• Task goal:
Your answer must be an exact copy of the data, without any pictures.

• Data shown:
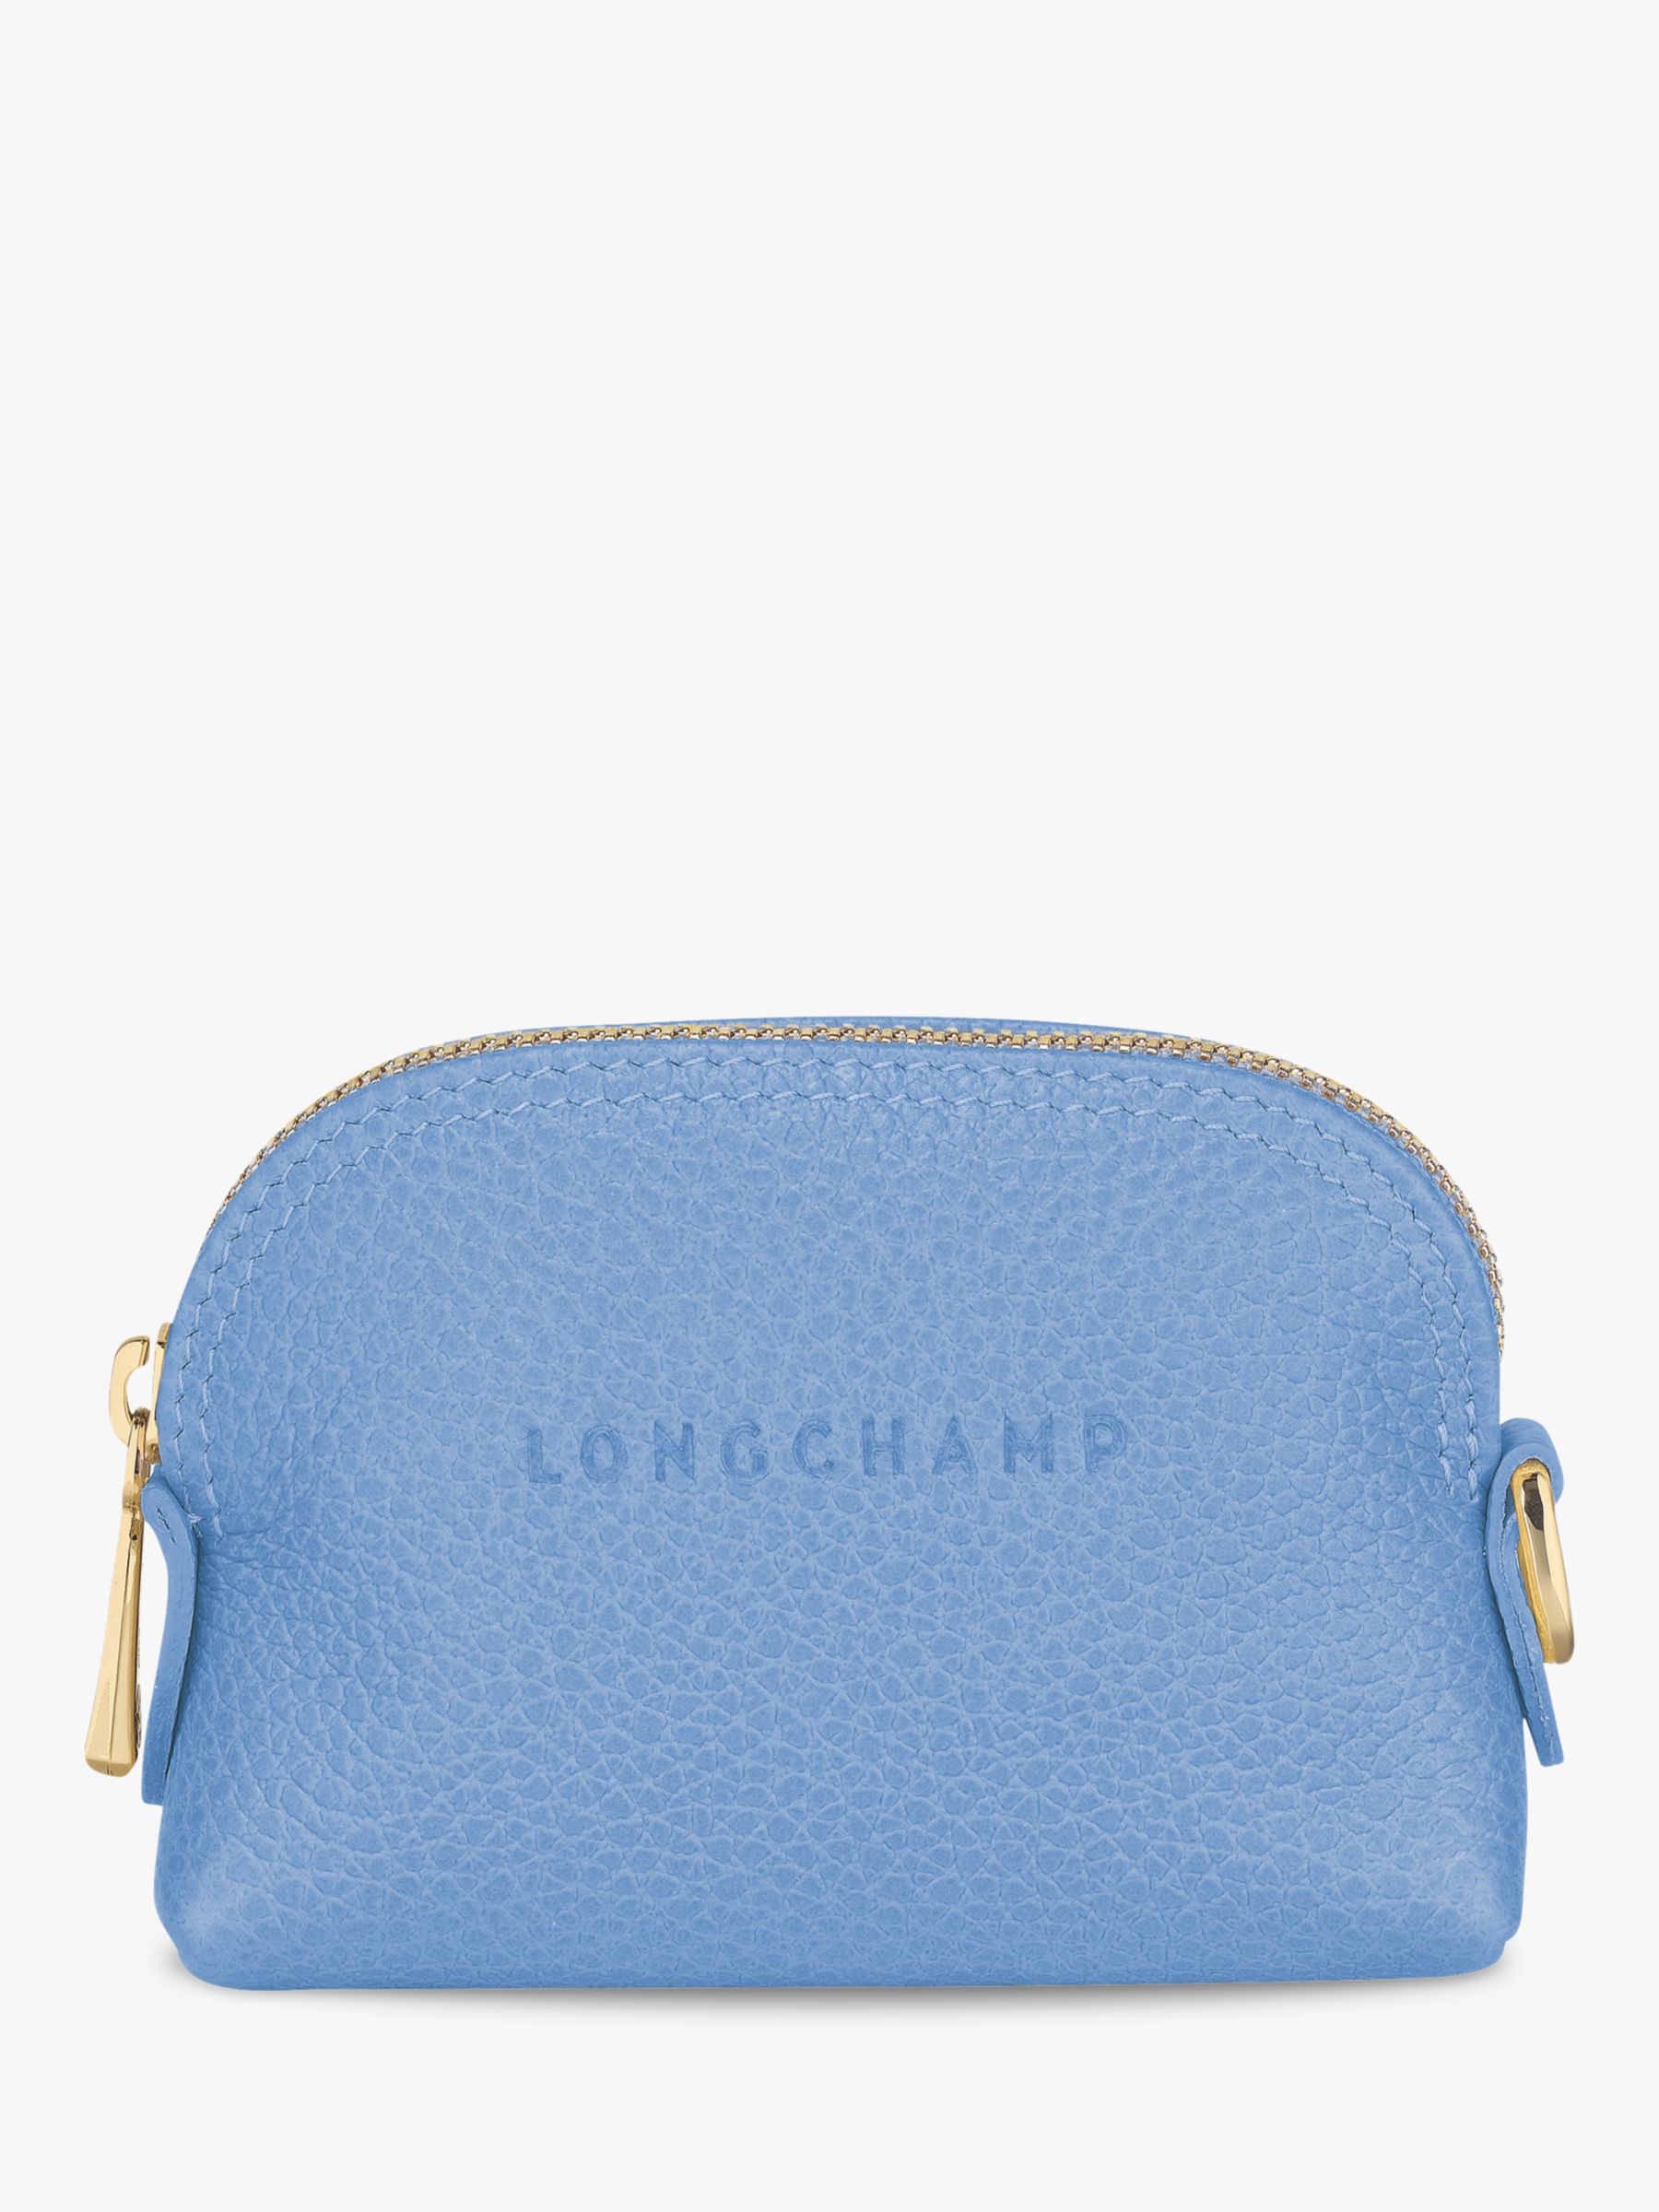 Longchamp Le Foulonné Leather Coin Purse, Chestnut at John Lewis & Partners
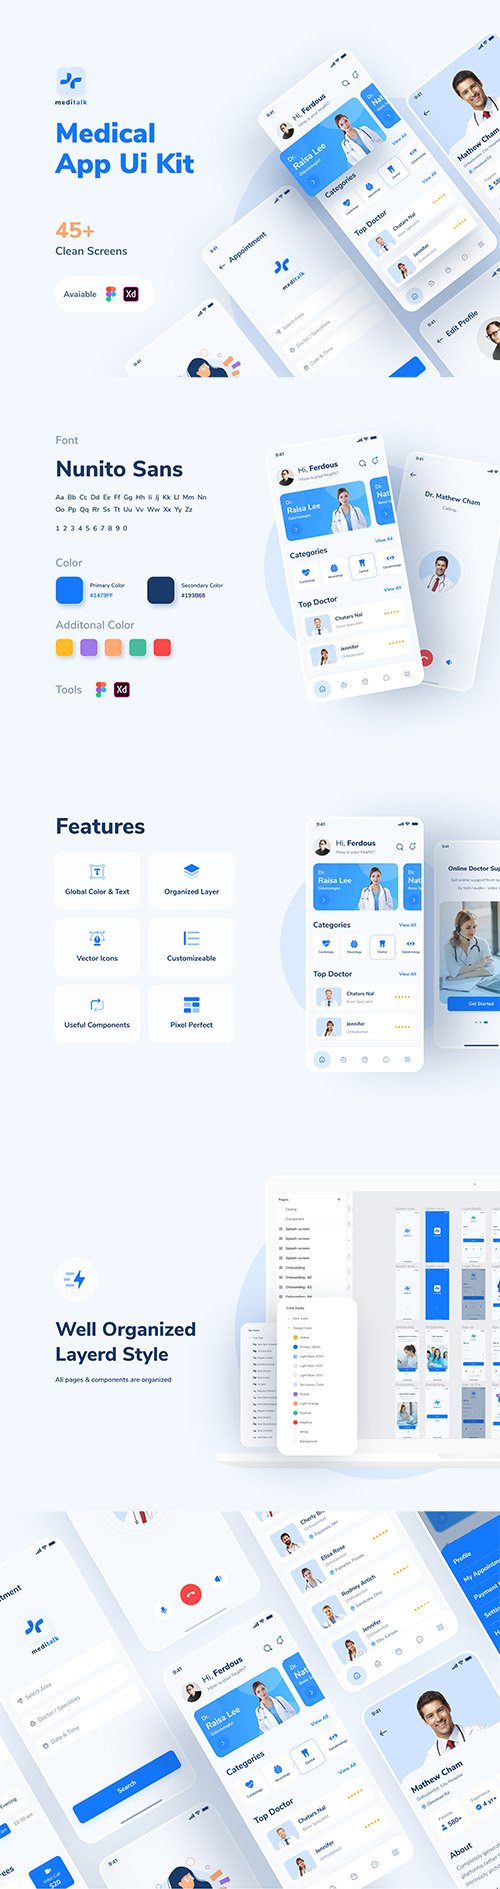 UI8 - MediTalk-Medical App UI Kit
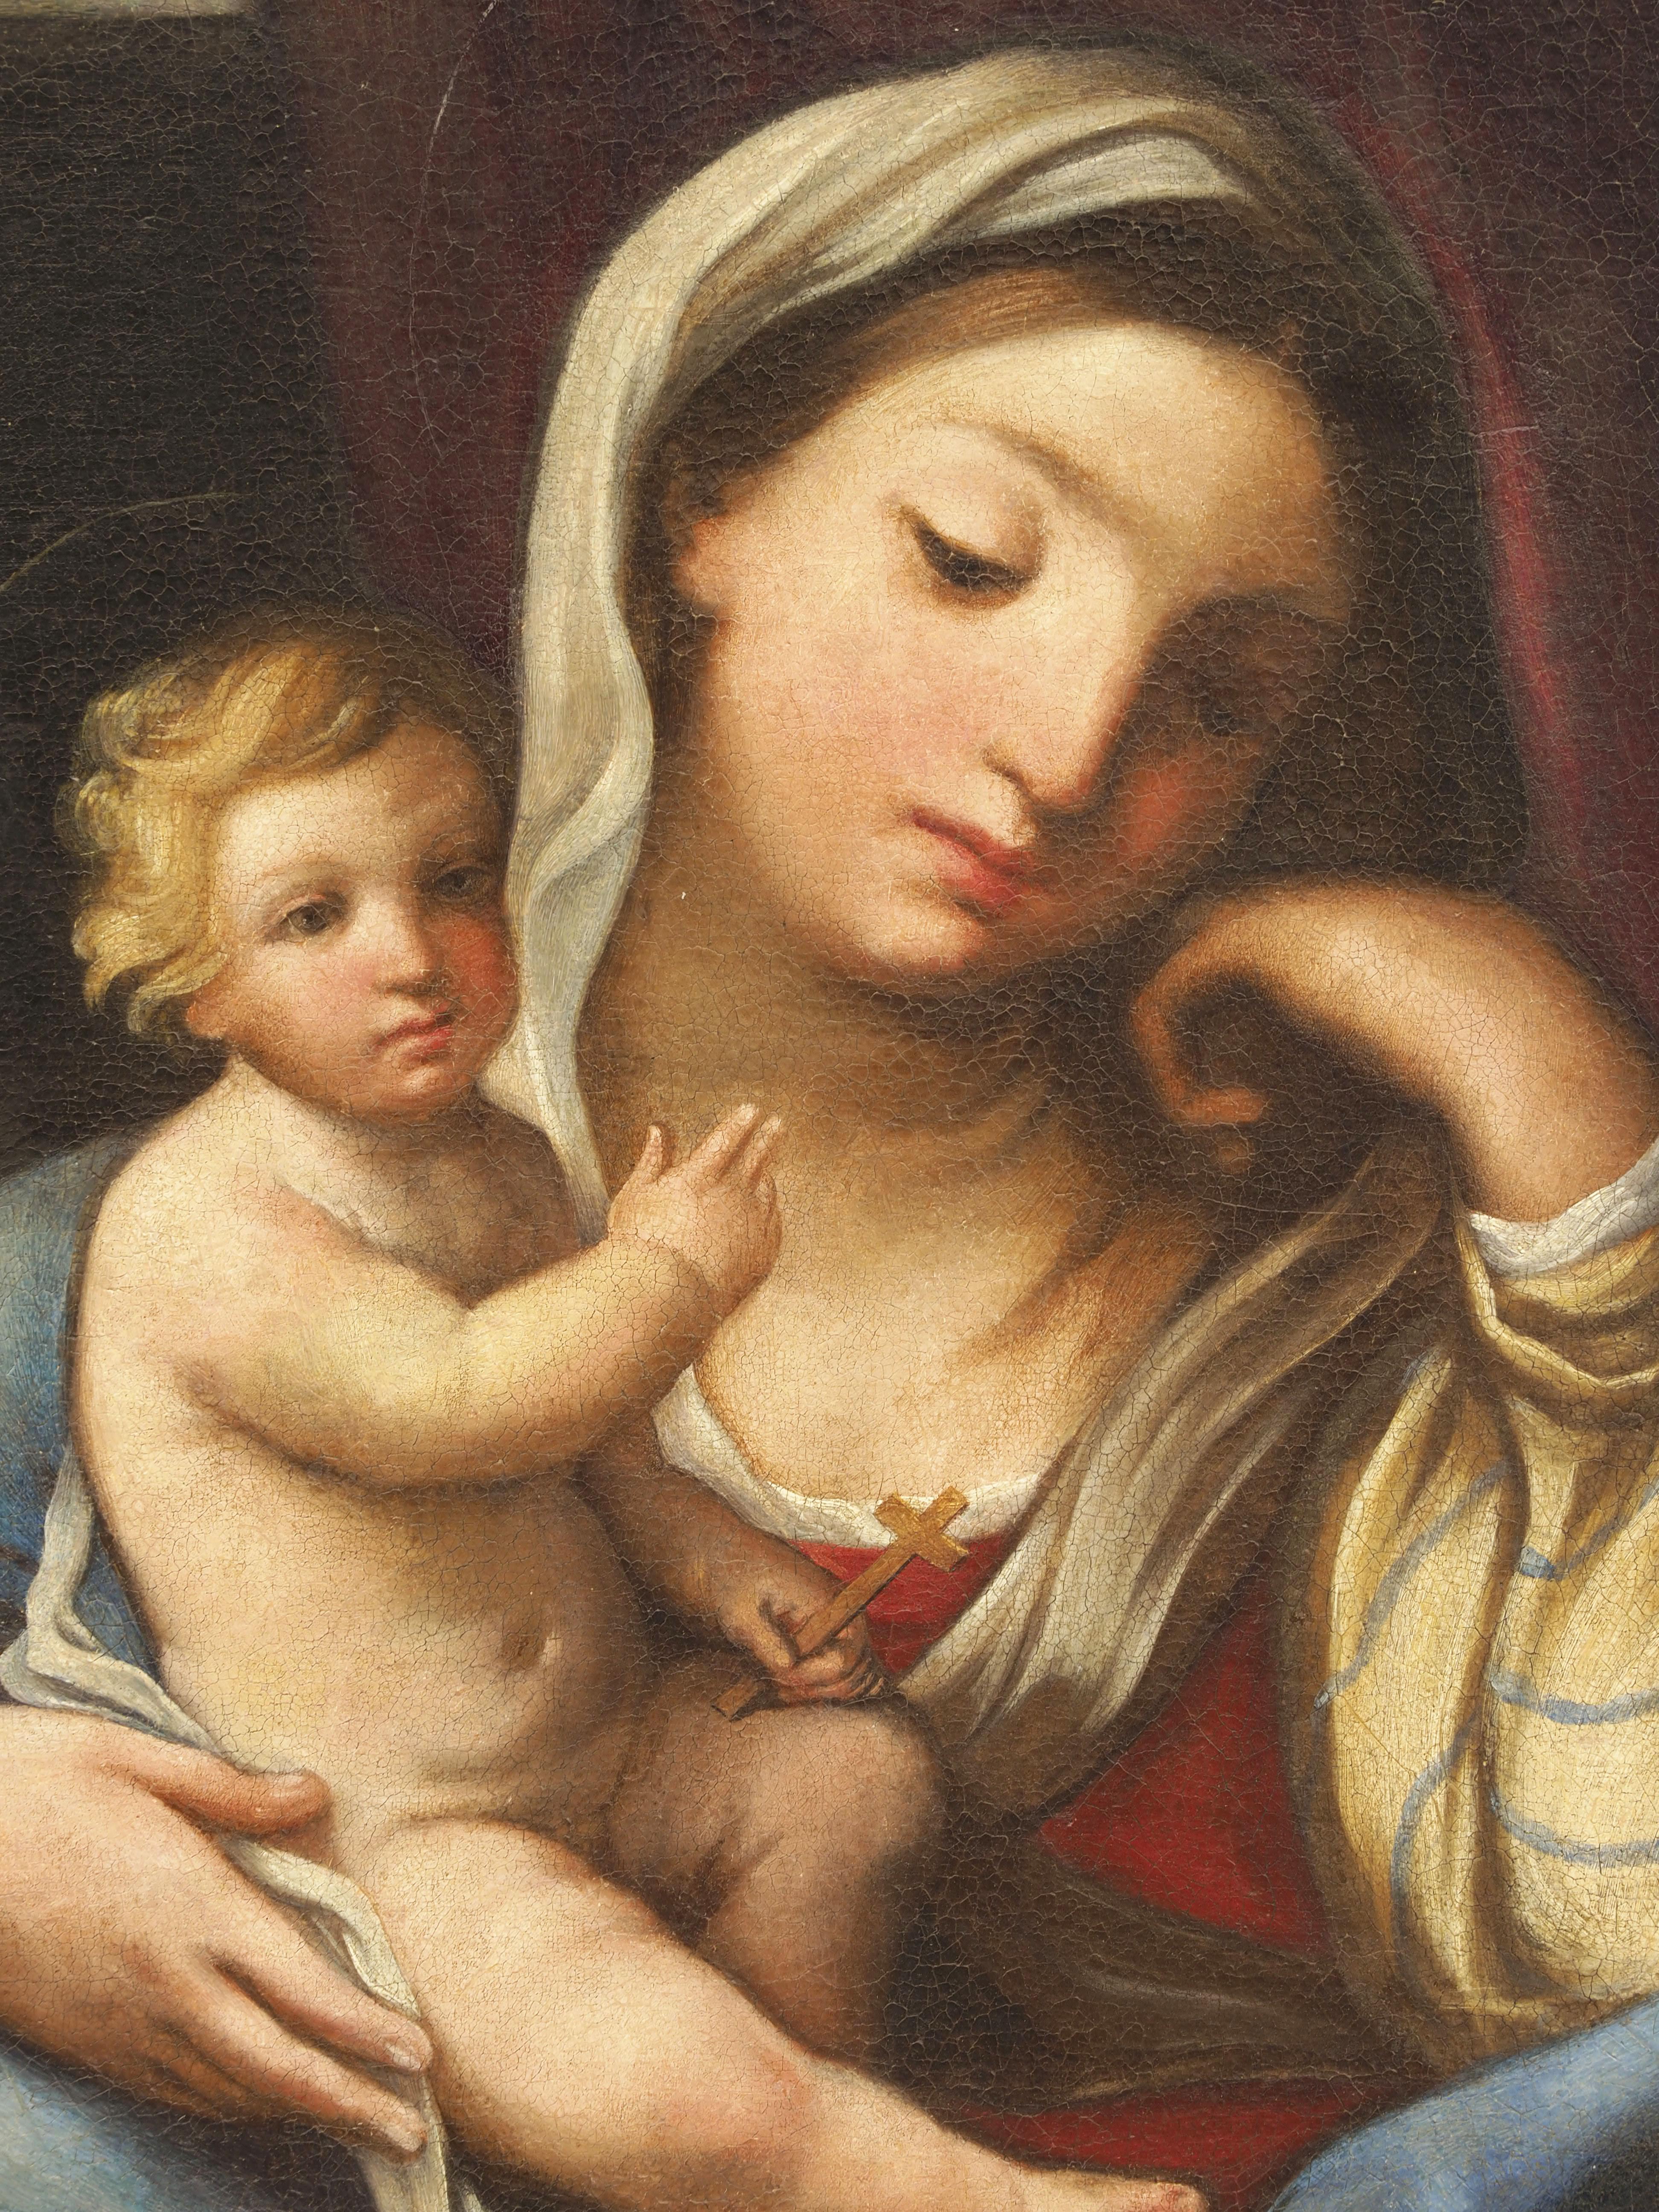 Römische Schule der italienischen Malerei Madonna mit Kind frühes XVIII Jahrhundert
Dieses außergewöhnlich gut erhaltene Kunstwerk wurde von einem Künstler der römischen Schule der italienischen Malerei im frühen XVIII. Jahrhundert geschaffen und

• Solution to this task:
 Longchamp Le Foulonné Leather Coin Purse, Chestnut at John Lewis & Partners
 UI8 - MediTalk-Medical App UI Kit
 Römische Schule der italienischen Malerei Madonna mit Kind frühes XVIII Jahrhundert
Dieses außergewöhnlich gut erhaltene Kunstwerk wurde von einem Künstler der römischen Schule der italienischen Malerei im frühen XVIII. Jahrhundert geschaffen und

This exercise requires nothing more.